За Конюшенным домом росли высокие каштаны — они вымерзли суровой зимой 1939–1940 года; вдоль дороги высились дубы, клены, ясени, густые заросли акации — их уничтожила людская безжалостность и равнодушие. Неужели те, кто дал погибнуть этой красоте, не подумали, что они обворовали детство своих детей? Наши деяния следуют за нами всегда и повсюду.
А на берегах старицы цвела черемуха и заливались соловьи, потом поднимали свечи своих цветов каштаны и желтели кусты акации. Все лето представало сказочным садом и площадкой для игр; я подвешивал качели к ветви каштана, из ветки акации делал лук, из дранки — стрелы. Сначала я не мог далеко пускать стрелу — лук слабоват, стрелы тяжелые. Но луки мои возрастали по силе и размерам, вскоре они уже сравнялись со мной в высоте, а стрелы были все еще тяжелые и кувыркались. Меллаусис научил меня:
— Черенок стрелы делай тонкий, вроде как спичку с концом потяжелее. Перья пристрой на другой конец, чтобы прямо летела.

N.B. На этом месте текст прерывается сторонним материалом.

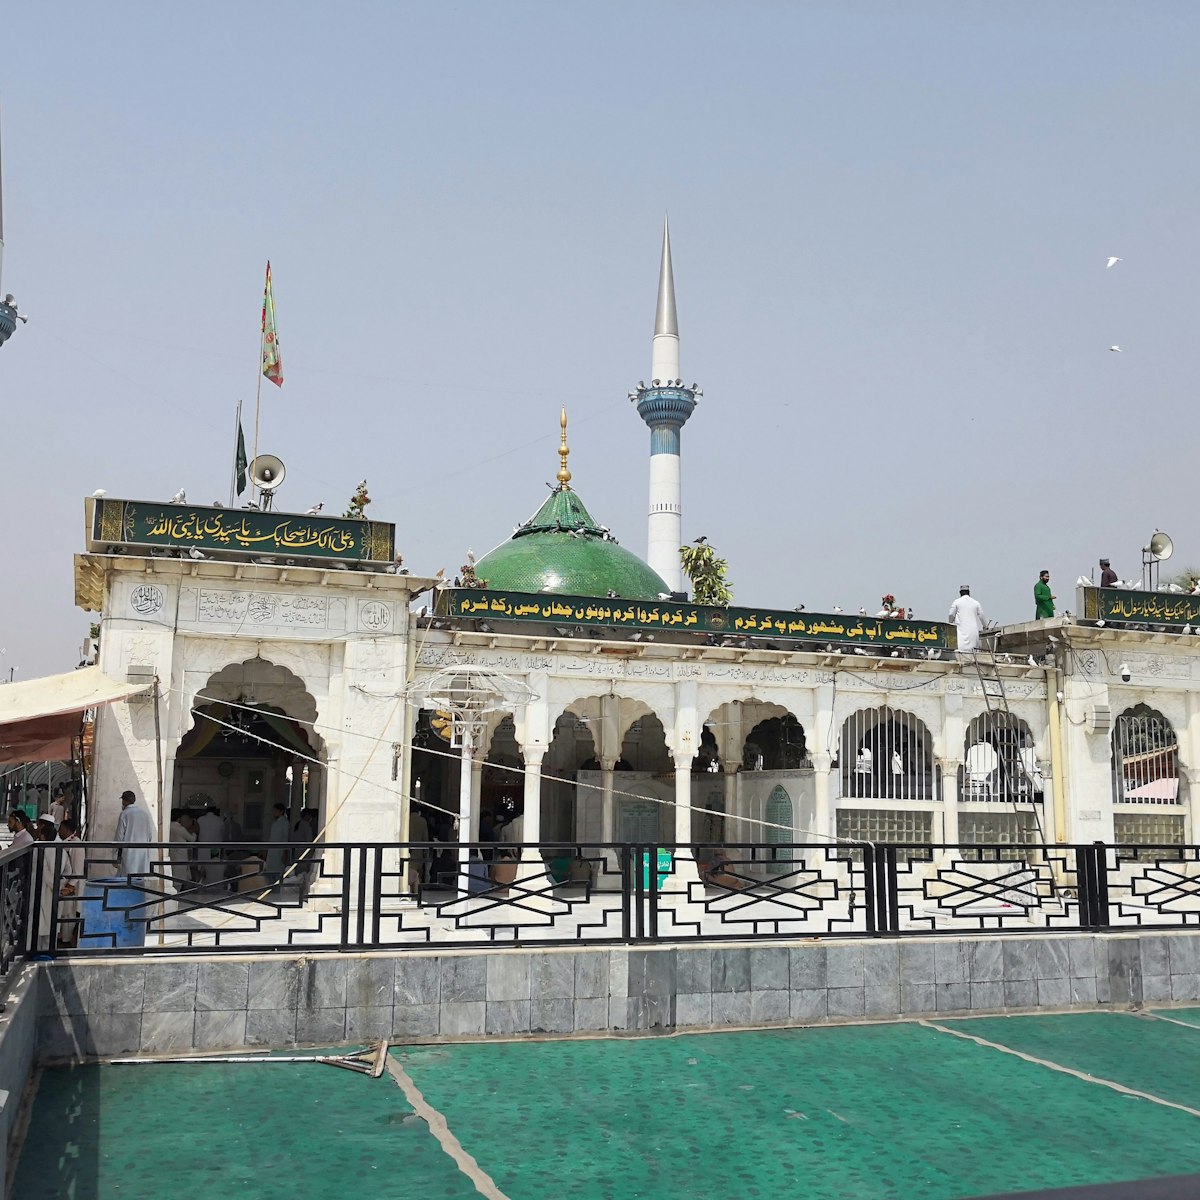 Pakistan, Lahore 30 May 2018; Data Darbar (Data Durbar) is the largest Sufi shrine in South Asia, It was build to house of Muslim mystic, Abul Hassan Ali Hujwiri, Known as Data Ganj Baksh at Punjab.; Shutterstock ID 1147940222; your: Bridget Brown; gl: 65050; netsuite: Online Editorial; full: POI Image Update
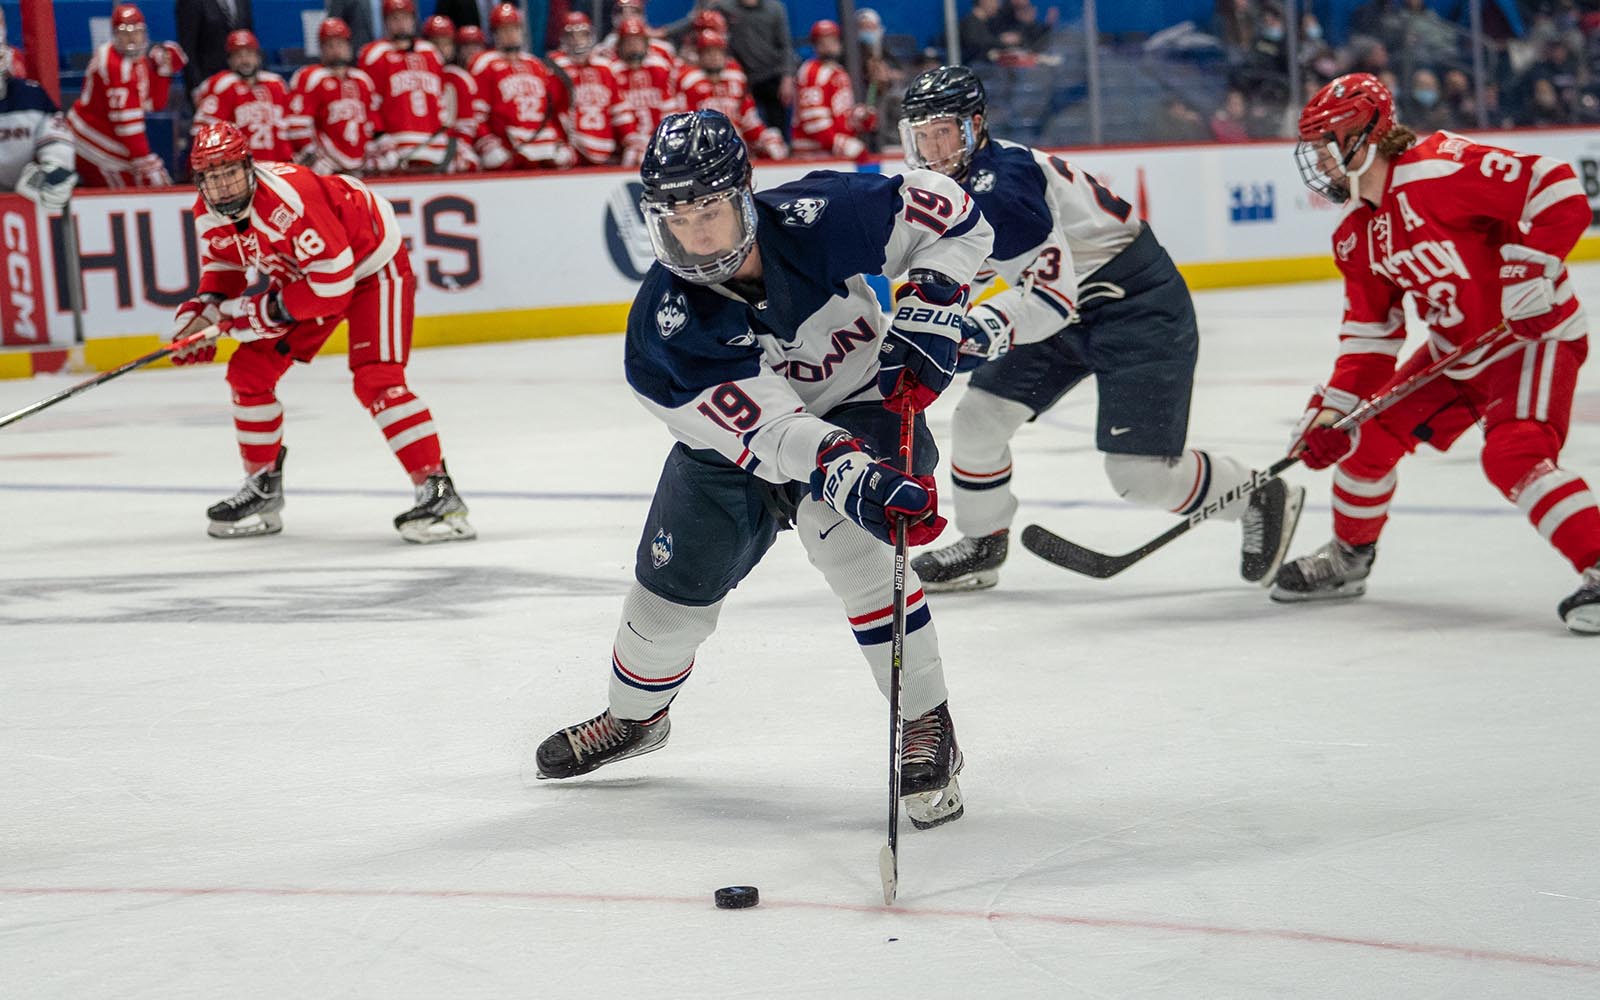 Kevin O'Neil, #19 on the Men's Hockey team, during a recent game with BU. (Photo Courtesy UConn Atlhetics)

Меллаусис — это был мастеровой, занятый на ремонте имения, и мой друг. Я послушал его — и стрелы стали летать по-всамделишному. Я послушал, когда Меллаусис сказал: «Не играй в войну, не стреляй в людей», — а если мать что-то внушала, бранясь, я и ухом не вел.
Каждому поколению мужчин на этой земле доводится играть в войну и стрелять в людей. Довелось и Меллаусису. Шесть лет подряд. Он носил офицерский мундир и звался капитан Меллавс; потом он носил сшитый по моде костюм и звался бухгалтер господин Меллаус — до войны он учился в коммерческом училище Рижского биржевого комитета и знал немецкий, русский, английский и французский языки. А теперь вот он был всего-навсего строительный рабочий Меллаусис, который даже по воскресеньям ходил в рабочей одежде и каждый заработанный лат вкладывал в кассу государственной водочной монополии. Он говорил: «Малыш, пей лимонад, водка нисколько не лучше. В человека не стреляй, не смей никого убивать!» Сам-то он, несомненно, убил многих и водки пил ужас как много.
Мать с сестрой собирали ягоды в лесу за Гауей, я, как неисправимый лентяй, был оставлен дома. Меллаусис помог мне сбегать в лавочку, принести яиц и грудинки, мы изжарили ее на костре; я бегал вокруг костра, яростно пнул какую-то бумагу и разбил яйцо.
— Вот видишь, как получилось, — с упреком сказал Меллаусис. — Зачем яйцо-то разбил?
Я смущенно объяснил, что играл в войну.
— Ты лучше не воюй, — сказал Меллаусис, — войны нужны только правителям да генералам.
— Я и буду генералом!
— Ты погляди вон на того генерала! Им жена командует.
— Я никогда не женюсь!
— Женишься! А генералом все равно не станешь. Ты вон еще в школу не пошел, а сколько уже книжек прочитал, думаешь все время. А генерал должен быть тупой, бессердечный.
Я этого не мог понять, но Меллаусис по-братски разделил оставшиеся яйца, и я ел так, что за ушами трещало. Потом я сел в танк, поехал в Подолию к королевскому дворцу и разнес его начисто; королевича я схватил за уши, и, вспомнив, что ливы делали с принявшими веру крестоносцев, приказал омыть его в старой протоке. Королевич сопротивлялся — он хотел жить и умереть в вере предков. Я обдумал этот вопрос и великодушно разрешил ему жить и верить в угодного ему бога.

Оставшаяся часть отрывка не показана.